I had heard that sentence before. Almost word for word. In 2017, auditing an AWS account where six Lambda functions each carried three full-access managed policies because someone needed them to work quickly and planned to tighten them later. In 2019, reviewing a GCP project where a service account had roles/editor at the folder level for the same reason.
We are re-running the same IAM mistakes from the last decade, at speed, with a new class of actors that are harder to audit, harder to predict, and capable of taking autonomous action at a scale no human operator could match.
The non-human identity problem is back. And it brought reinforcements.
The Last Time We Had This Problem
In the early cloud era, the explosion of non-human identities was Lambda functions, EC2 instance profiles, container service accounts, CI/CD pipeline roles. Engineers needed these workloads to access cloud resources. The fastest path was broad permissions.
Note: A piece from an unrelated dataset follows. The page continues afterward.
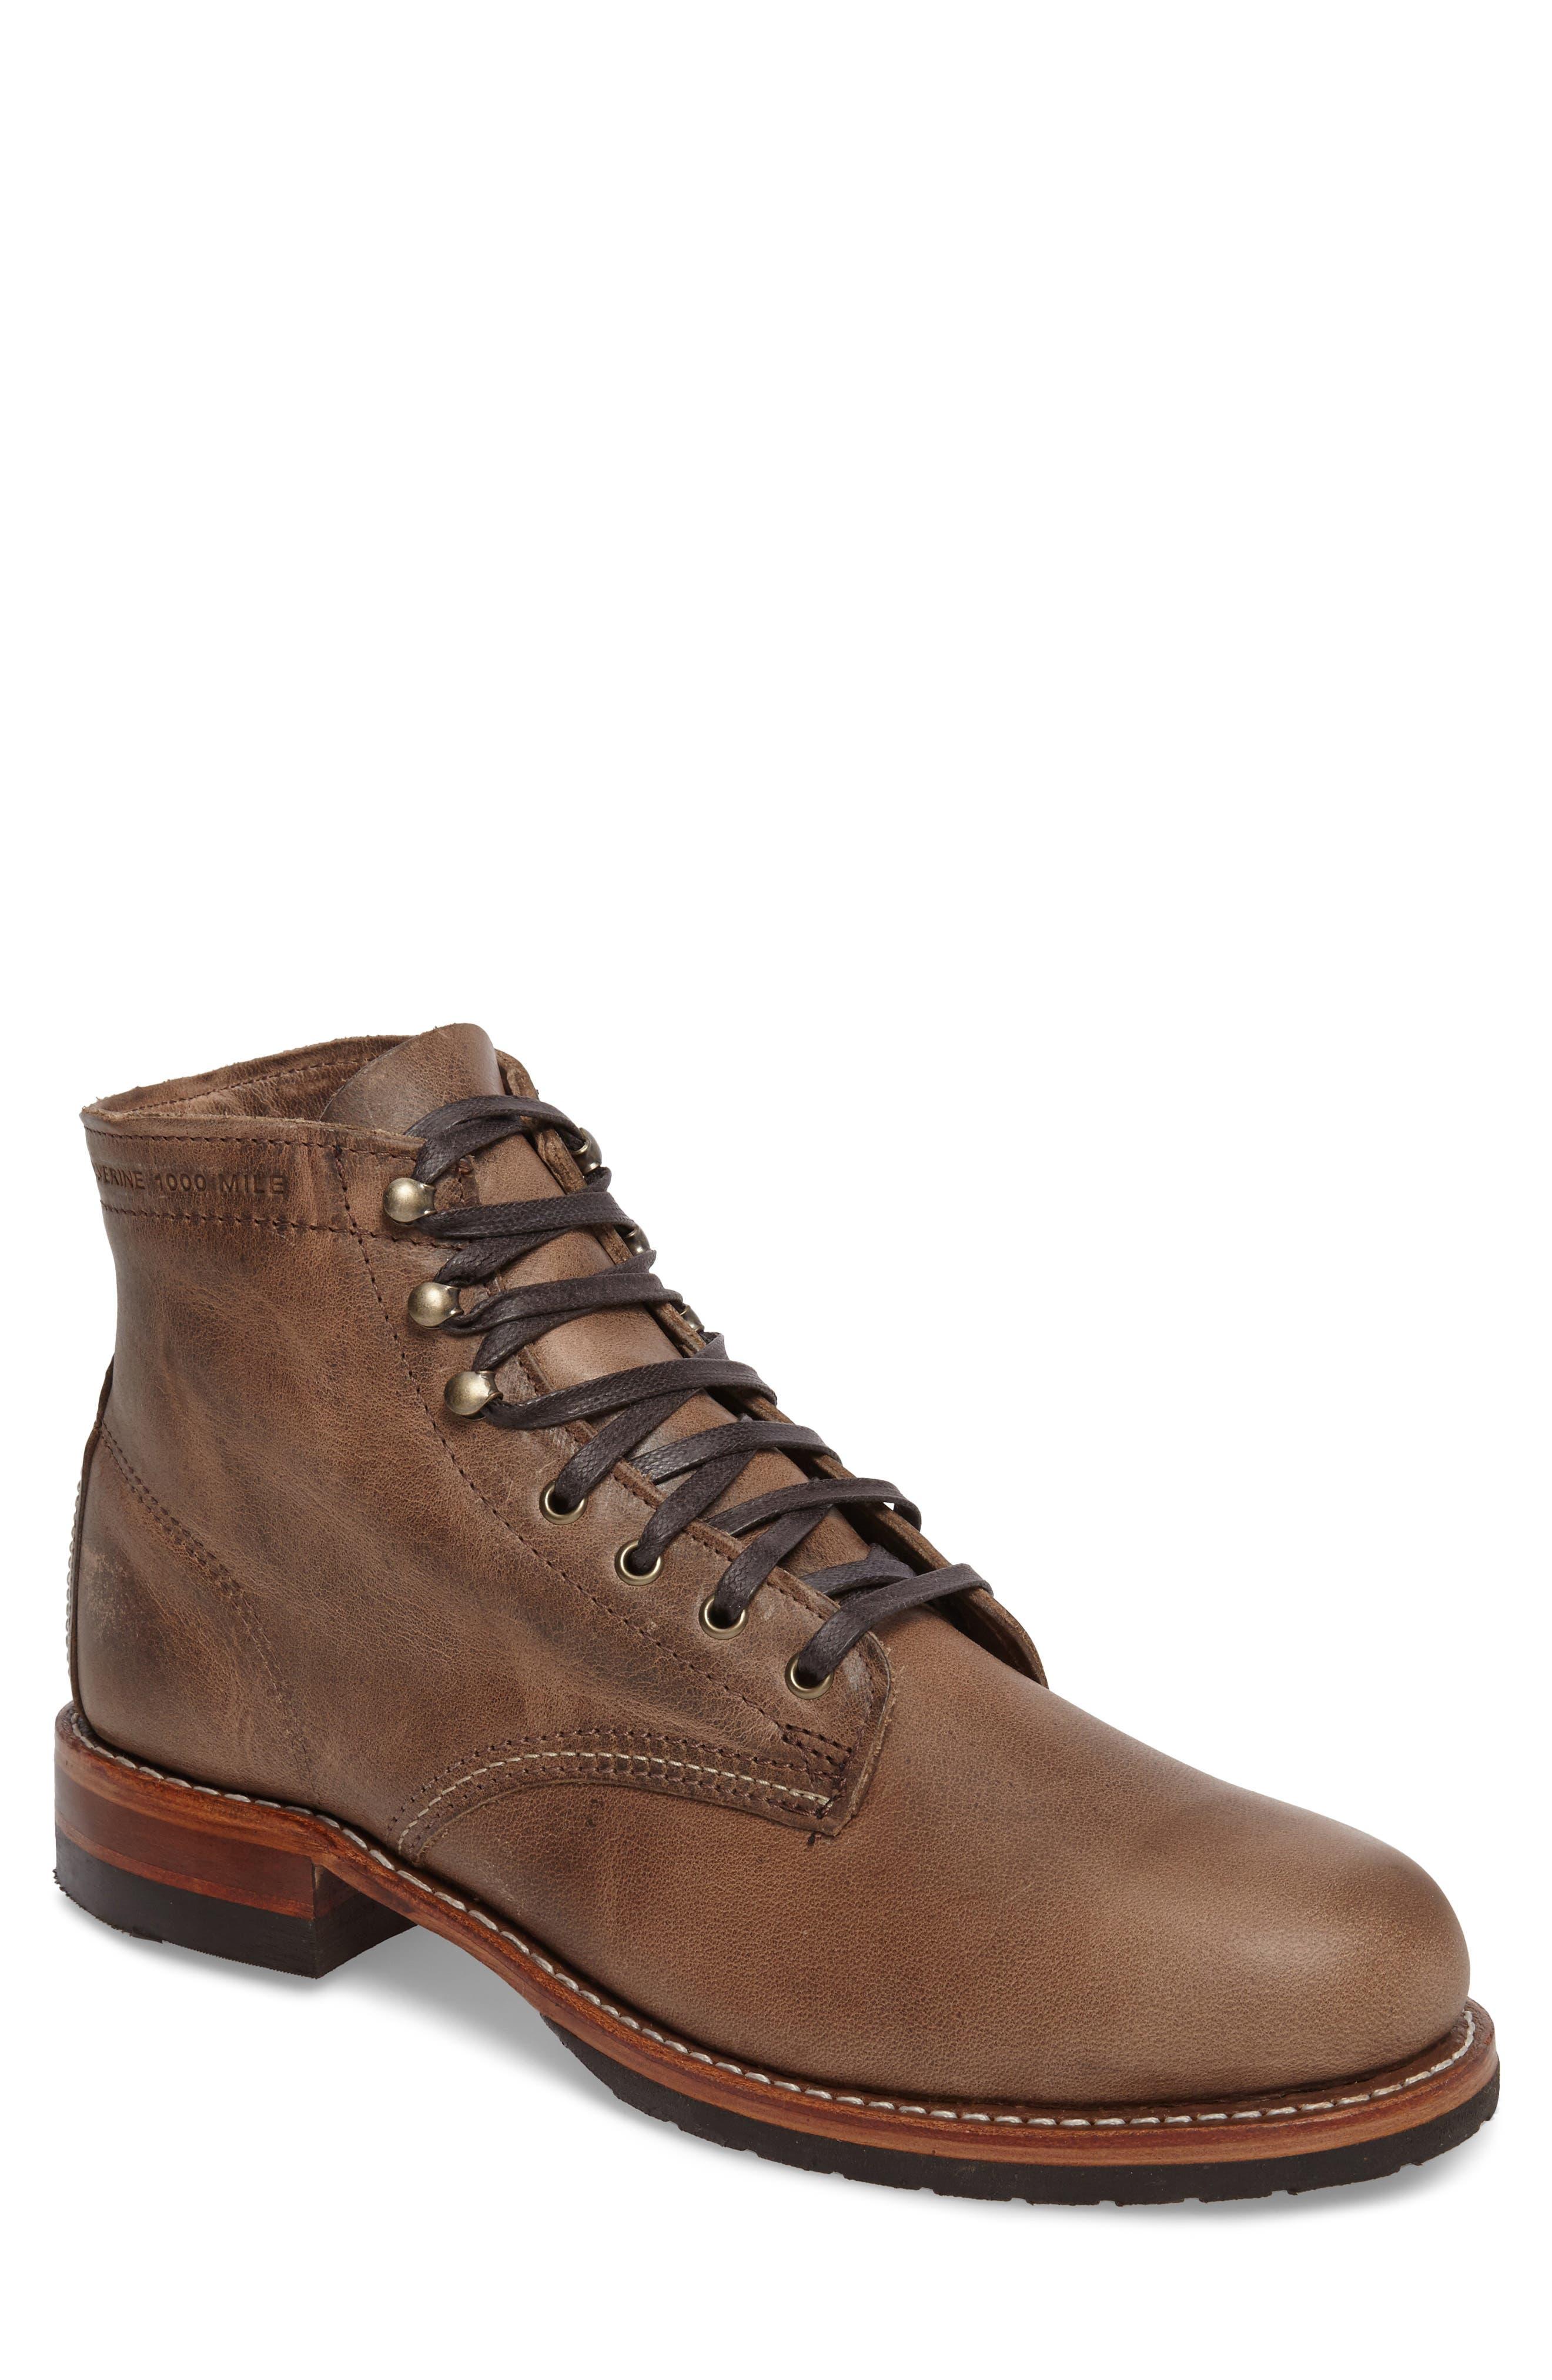 Wolverine Evans Plain Toe Boot
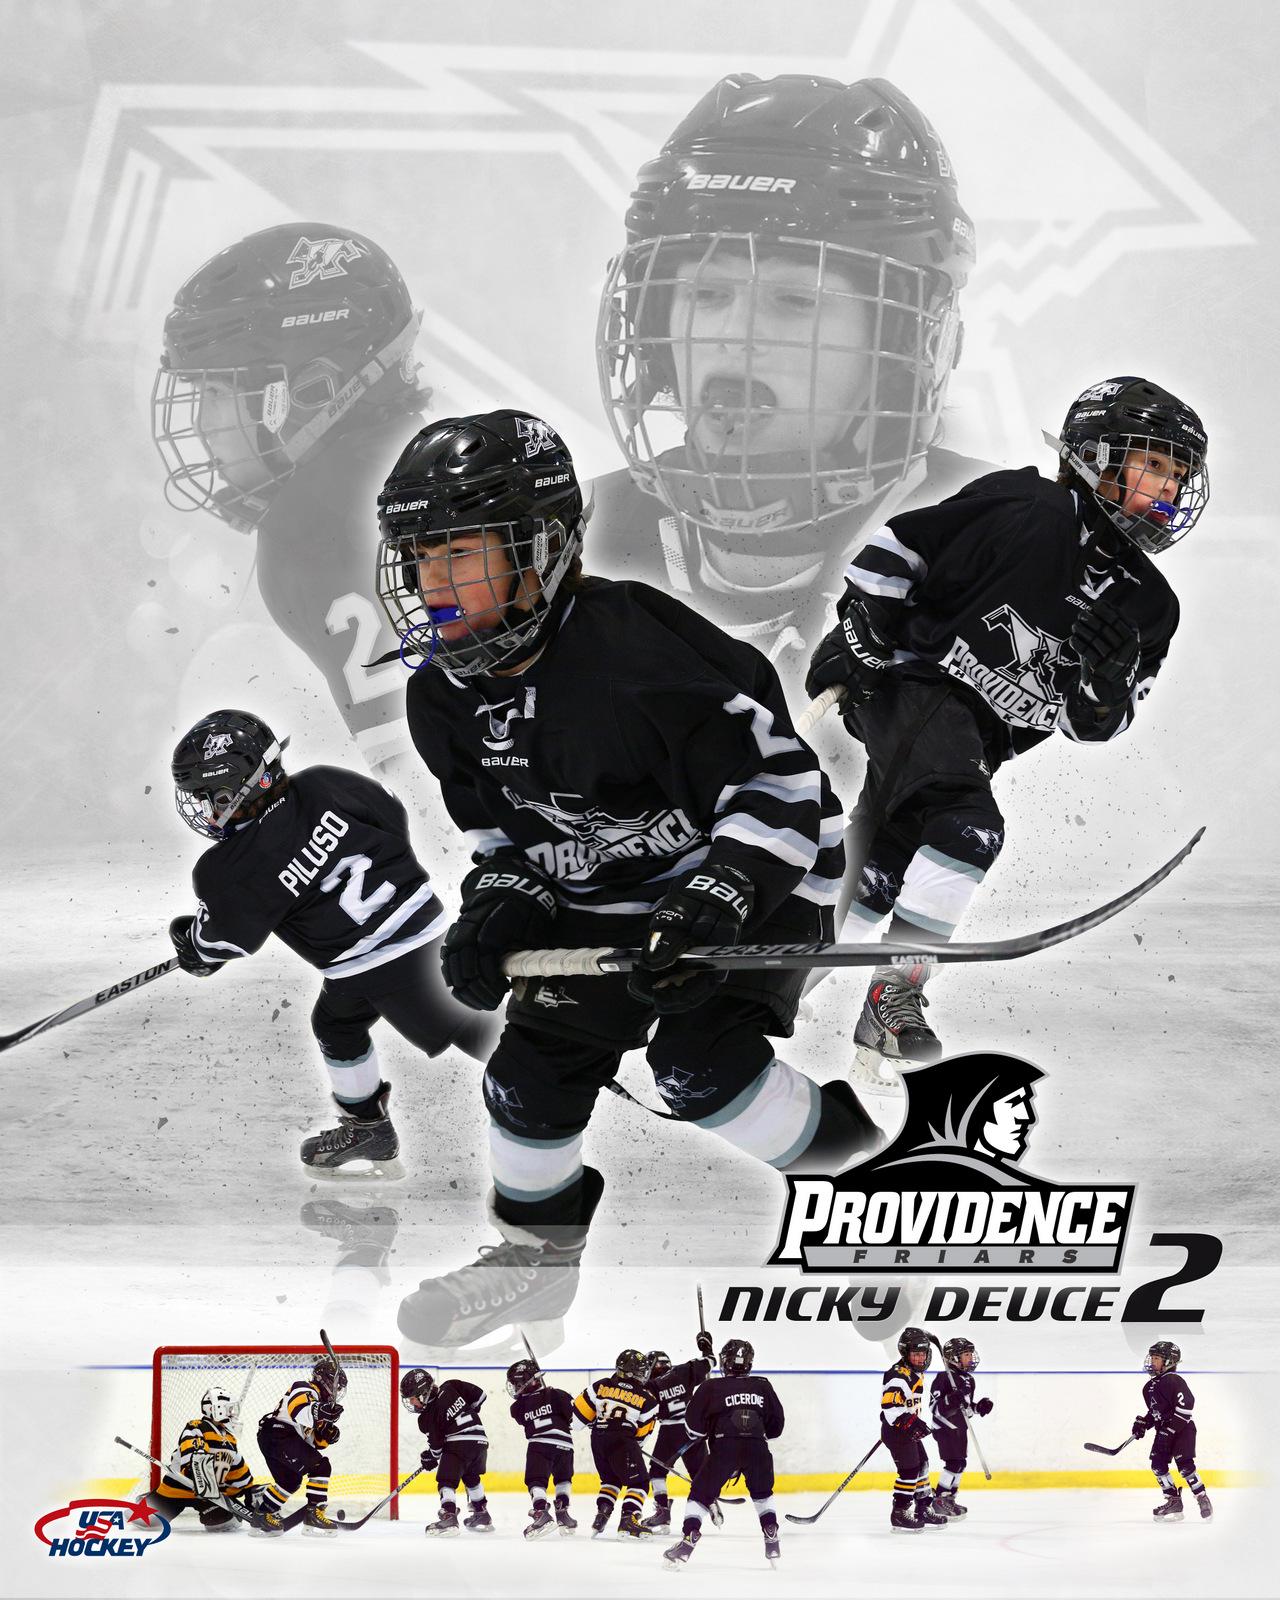 SilverPeak Studios Commemorative Poster Samples Action Sports Hockey Photography (10)

And because nobody was accountable for “the Lambda’s IAM role” specifically, nobody came back to tighten it.
The IAM practices that emerged over the following years — least privilege policies, generated from actual usage rather than estimated requirements; workload identity federation instead of static credentials; OIDC short-lived tokens instead of long-lived access keys — were direct responses to the mess that accumulates when you grant first and audit never.
That took about a decade to normalize. Many environments still aren’t there.
Now we have AI agents. And we are starting the cycle again from scratch.
What Makes AI Agents Different as Identities
The workload identity problem from 2015 was hard because of scale — hundreds of Lambda functions, thousands of EC2 instances, each needing its own carefully scoped permissions.
AI agents introduce three properties that make the identity problem qualitatively harder.
Autonomy. A Lambda function does exactly what its code says. An AI agent decides what to do based on a prompt, context, and model behavior. The set of actions it might take is not fully enumerable at deployment time. This means you cannot reason about “what does this agent need access to” the same way you reason about a deterministic workload.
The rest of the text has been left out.